This Past Weekend

This past weekend on a Saturday was the first time I ate at a restaurant. I ordered fries with steak sandwhich & just drank water(was tempted for coca cola ) , but did not log what I ate. Come Monday morning I weighed myself after using the bathroom & lost 0.5 pounds. How I lost weight but did not log?

Replies

  • kshama2001
    kshama2001 Posts: 28,052 Member
    This past weekend on a Saturday was the first time I ate at a restaurant. I ordered fries with steak sandwhich & just drank water(was tempted for coca cola ) , but did not log what I ate. Come Monday morning I weighed myself after using the bathroom & lost 0.5 pounds. How I lost weight but did not log?

    The act of logging just helps you create a calorie deficit. It's the calorie deficit that enables you to lose weight, not logging.
  • wilson10102018
    wilson10102018 Posts: 1,306 Member
    Daily variations don't mean anything because they are overwhelmed by bowel and bladder, and water retention.

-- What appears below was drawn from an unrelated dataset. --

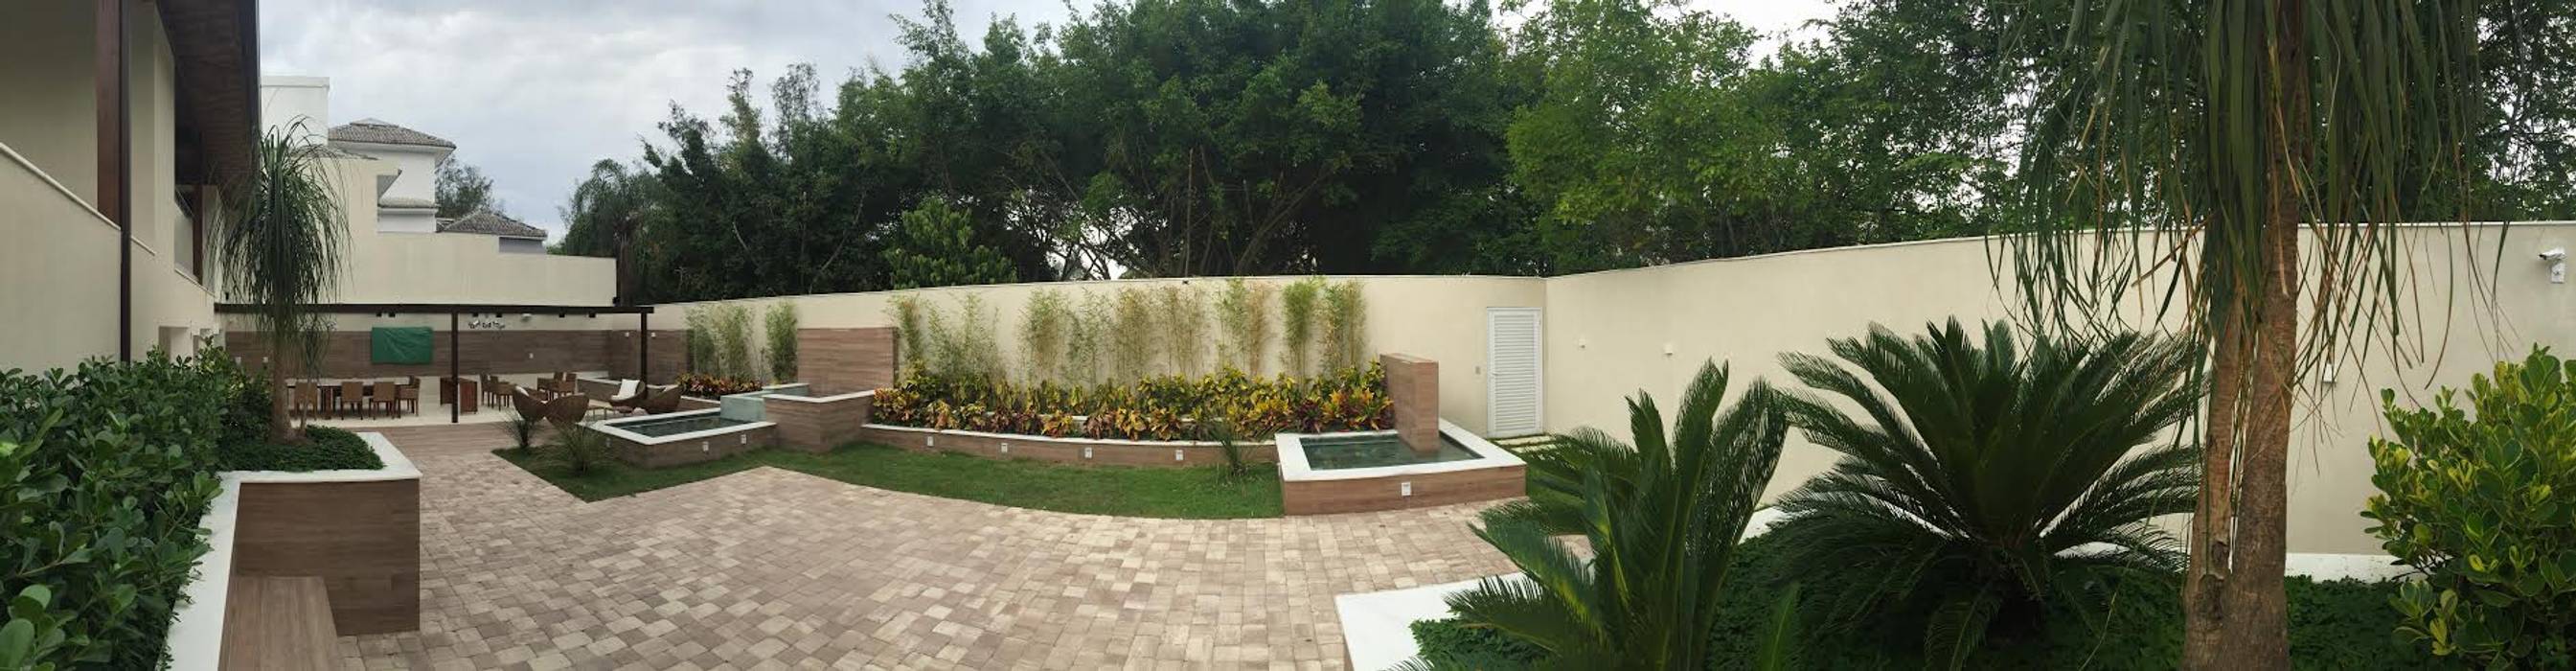 Casa na barra da tijuca- Rio de Janeiro, GEA Arquitetura GEA Arquitetura Jardins tropicais

    Remember a 3500 calorie deficit means one pound.
  • cwolfman13
    cwolfman13 Posts: 41,865 Member
    This past weekend on a Saturday was the first time I ate at a restaurant. I ordered fries with steak sandwhich & just drank water(was tempted for coca cola ) , but did not log what I ate. Come Monday morning I weighed myself after using the bathroom & lost 0.5 pounds. How I lost weight but did not log?

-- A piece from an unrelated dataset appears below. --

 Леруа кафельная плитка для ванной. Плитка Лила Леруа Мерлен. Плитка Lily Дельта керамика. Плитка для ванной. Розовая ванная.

    Lots of people don't log and lose weight just fine. Logging is just a tool. Also, what is happening overall is what matters for weight management...having a sandwich and some fries on a Saturday is not particularly material to the greater whole. I had fried chicken on Saturday night...in the grand scheme of things, pretty much meaningless.
  • chocolate_owl
    chocolate_owl Posts: 1,695 Member
    I log pretty carefully 6 days a week and then eat what I want for Saturday night dinner. On Saturday I'm eating around my maintenance calories, so I still had a deficit for 6 days a week and will still lose weight.

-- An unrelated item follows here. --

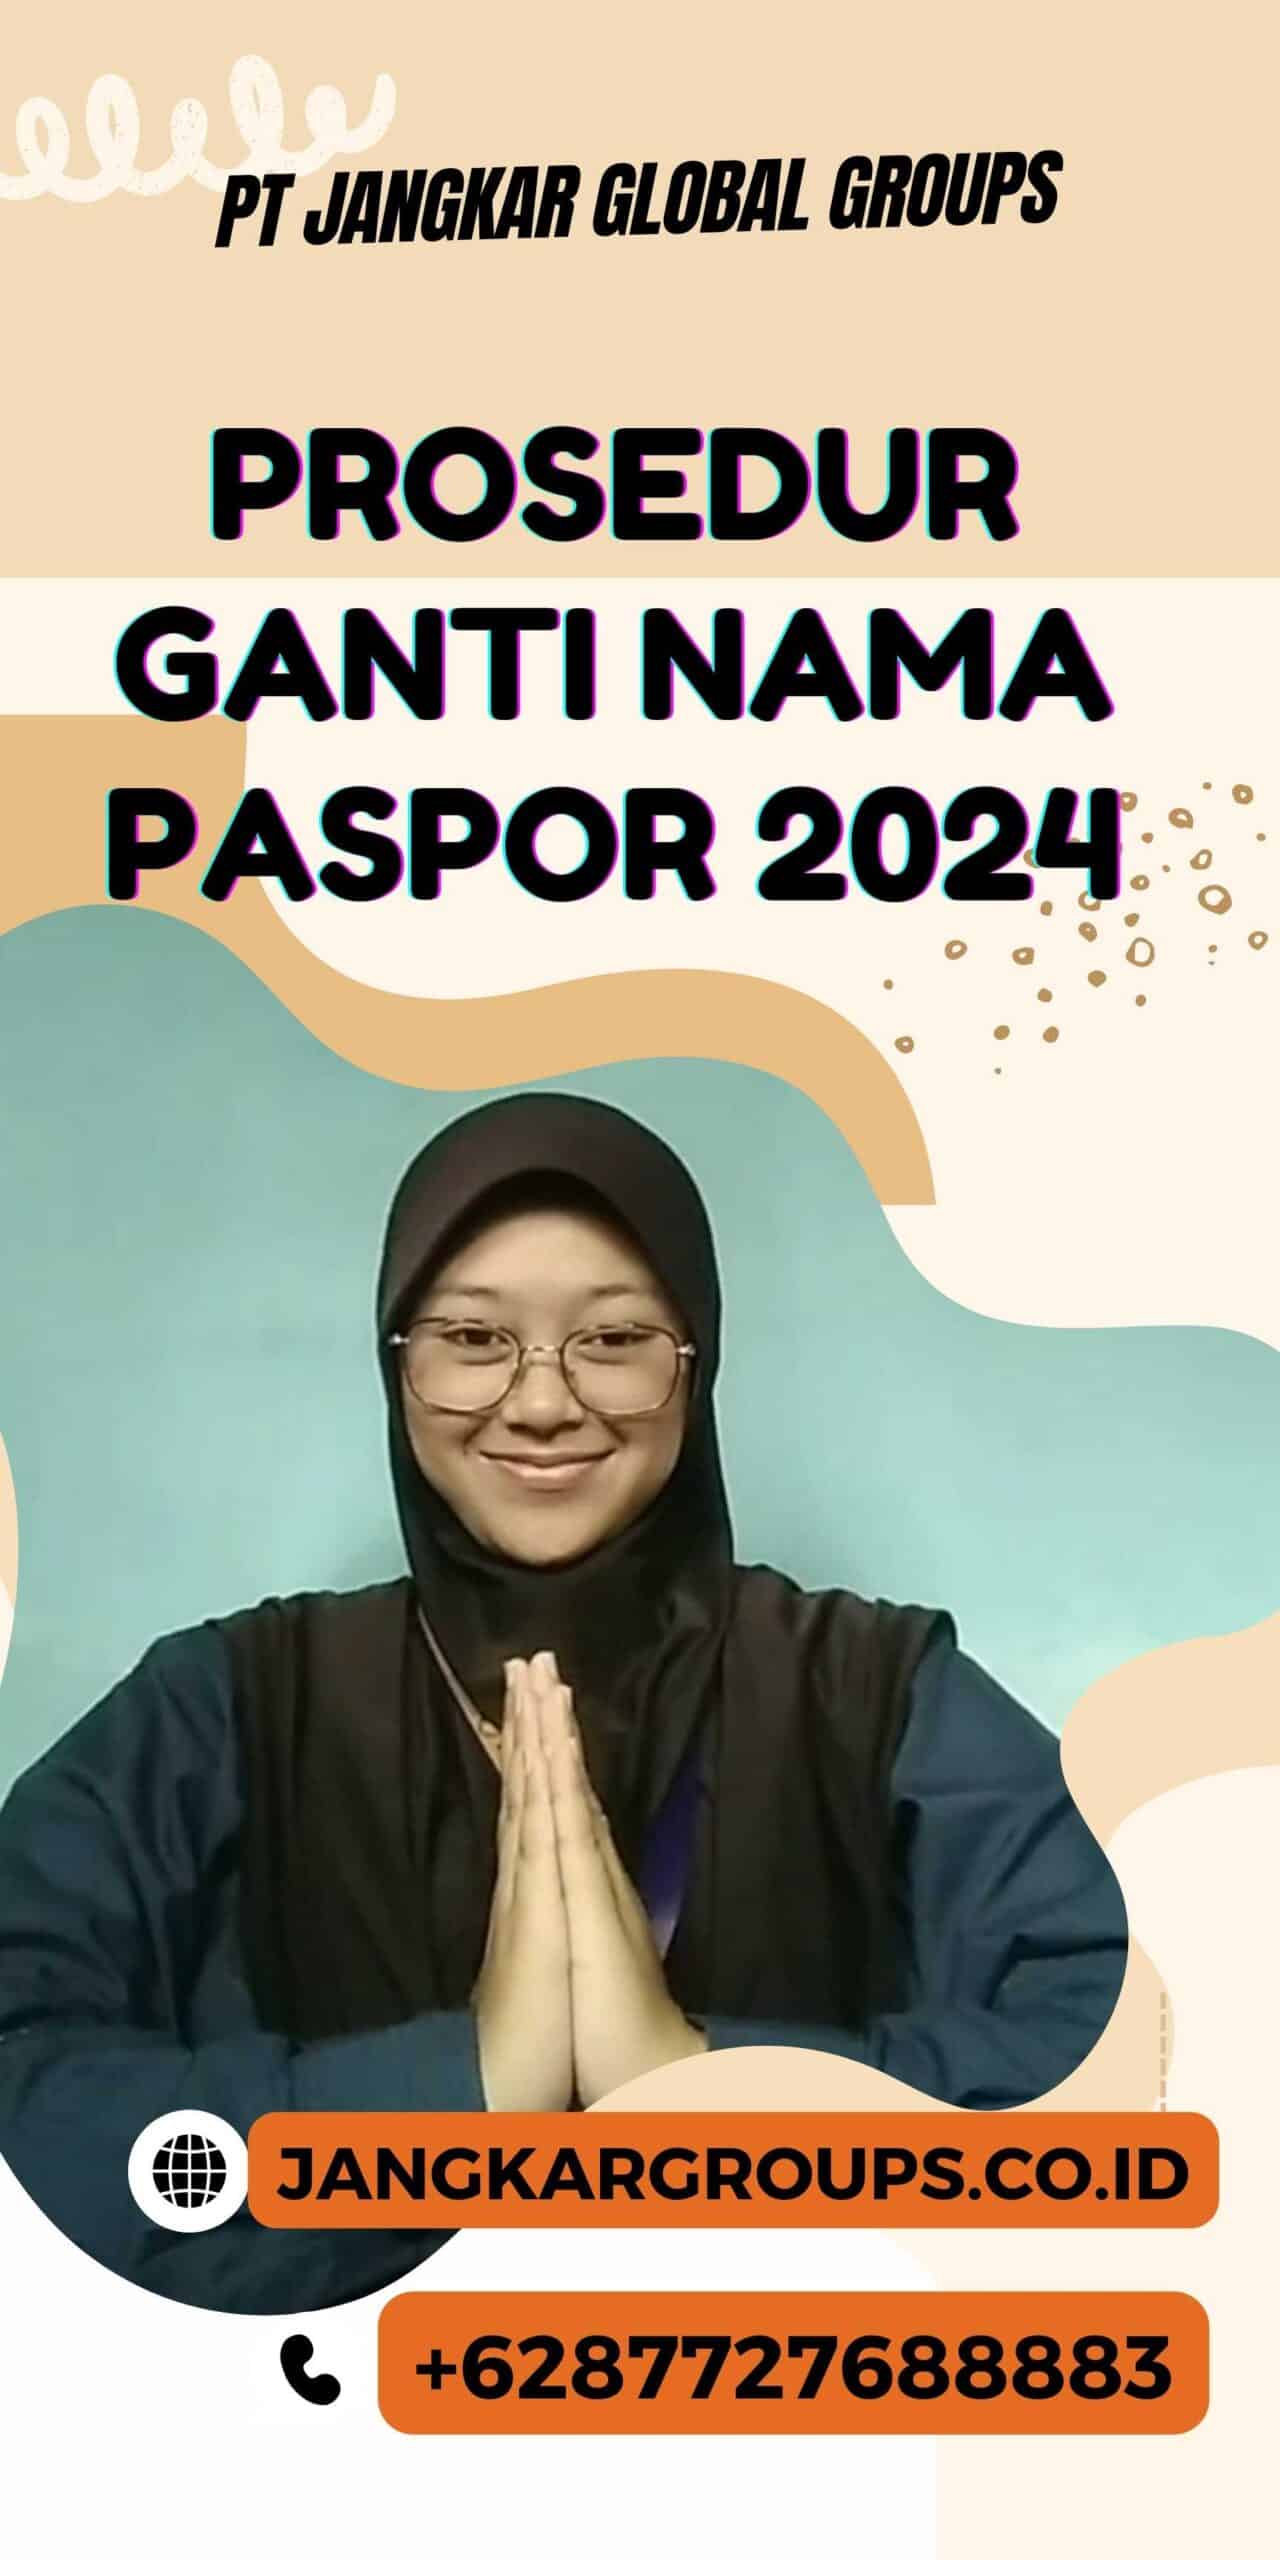 Prosedur Ganti Nama Paspor 2024

    As mentioned above, your weight can fluctuate significantly day to day depending on waste, water retention from sodium, exercise, or stress, a woman's monthly cycle, etc. If it doesn't stress you out mentally, it's recommended to weigh daily so you can get an idea of how your body responds to these things and to form an overall trend rather than spotty check-ins that might not show as clear of a pattern.